Да, безусловно, при демократии Антон А.-О. вправе иметь самобытный взгляд на кого и на что угодно. И все же странно: отчего старинный приятель категорически не замечает, что со времени учредительного съезда «Мемориала» одно лишь московское отделение общества выпустило добрую сотню книг, среди которых шестисотстраничный справочник «Система исправительно-трудовых лагерей в СССР (1923–1960)»; пятисотстраничный – «Кто руководил НКВД. 1934–1941». Выпустил фундаментальные труды, в которых списки тех, чьи кости и прах на Донском кладбище, в Бутовском захоронении, в подмосковном имении Ягоды «Коммунарка»... Выпустил репортажи правозащитников о событиях в Абхазии, Армении, Дагестане, Чечне... Великолепный том писем и стихов Юлия Даниэля из лагерей и Владимирской тюрьмы – энциклопедия романтического периода диссидентства...
Не укладывается в сознании, как хватает у Антона отваги клеймить входящий в «Мемориал» центр «Сострадание»...
Вопросы сплошь риторические. Право, опустил бы я эту риторику, если бы Антон А.-О. не оскорблял памяти Разгона.
На странице 17 речь в брошюре идет о «дежурном ветеране», посмевшем напомнить делегатам конференции, посвященной десятилетию «Мемориала», о годах массовых репрессий. По Антону А.-О. получается, что живым пора забывать о мертвых? «Только ему, сотруднику карательных органов, дано пожалеть жертв террора»...
На странице 23-й речь вновь идет о «дежурном» каторжанине... И на следующей странице утверждается: «в устах бывшего сотрудника НКВД и лагерного нарядчика» непростителен панегирик, обретающий по этой причине «особое значение».
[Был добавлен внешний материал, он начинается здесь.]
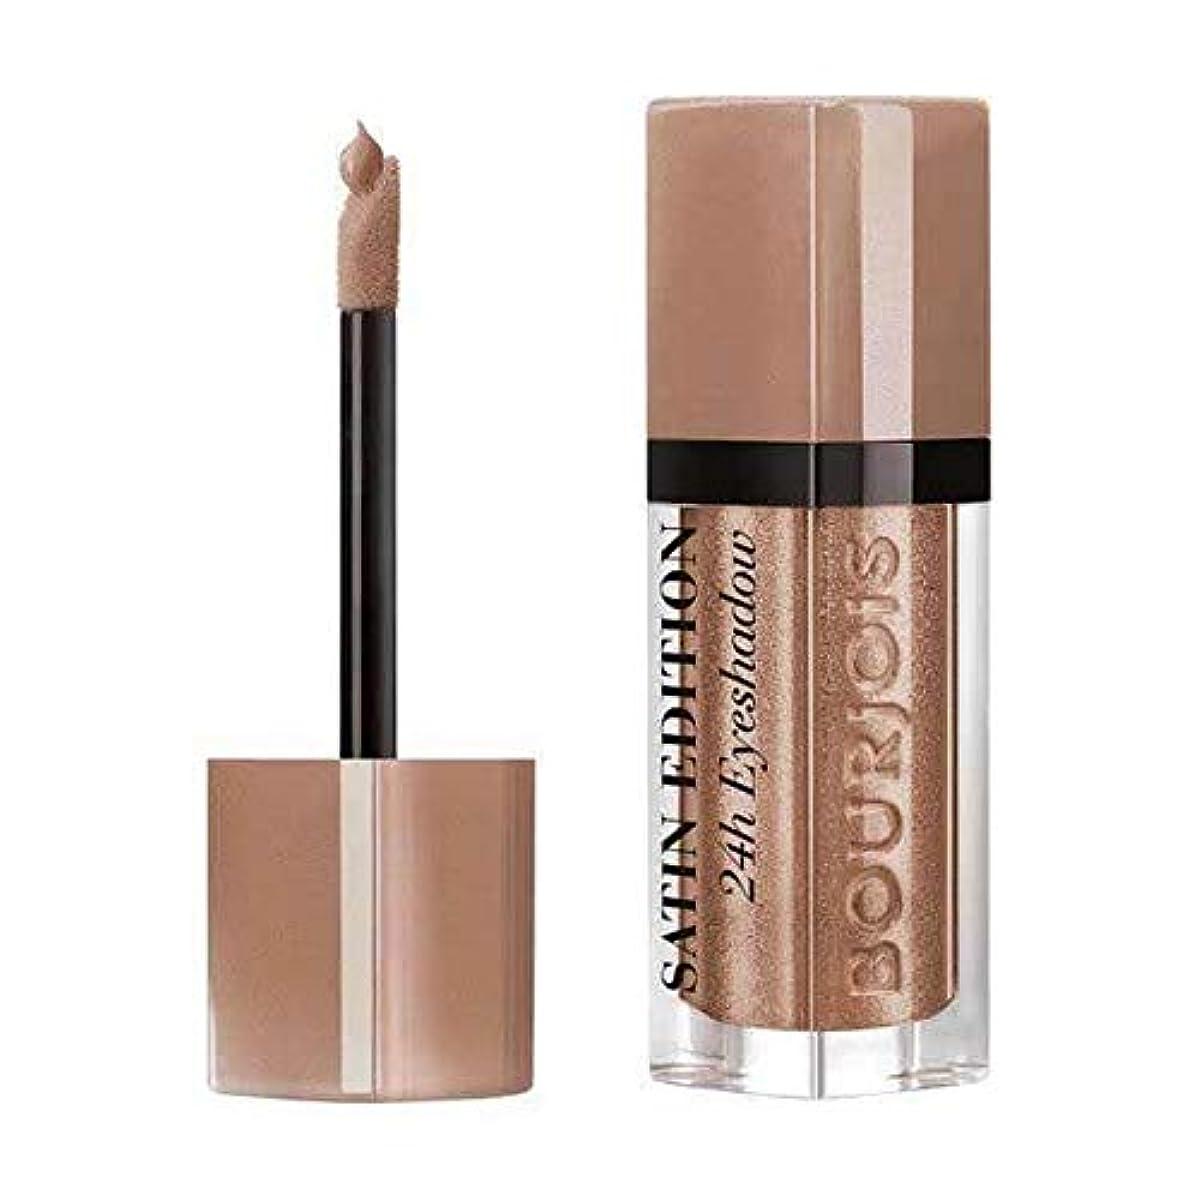 酸化するバージン正確な[Bourjois ] 液体アイシャドウAbracada'Brown 24時間ブルジョワサテン版 - Bourjois Satin Edition 24HR Liquid Eyeshadow Abracada'brown [並行輸入品]

Антон А.-О. не следует нравственно-мудрому правилу древних римлян: «О мертвых или хорошо, или ничего».
Грозный сын грозного прокурора игнорирует, что на конференции выступал именно ветеран, а не зеленый новобранец. Презрительная добавка «дежурный», по сути дела, означает «действующий», сохранивший энергию, чувство гражданского долга.
Коль скоро «дежурный» вновь и вновь напоминает о трагедии народа, отчего бы не выразить с оратором солидарность?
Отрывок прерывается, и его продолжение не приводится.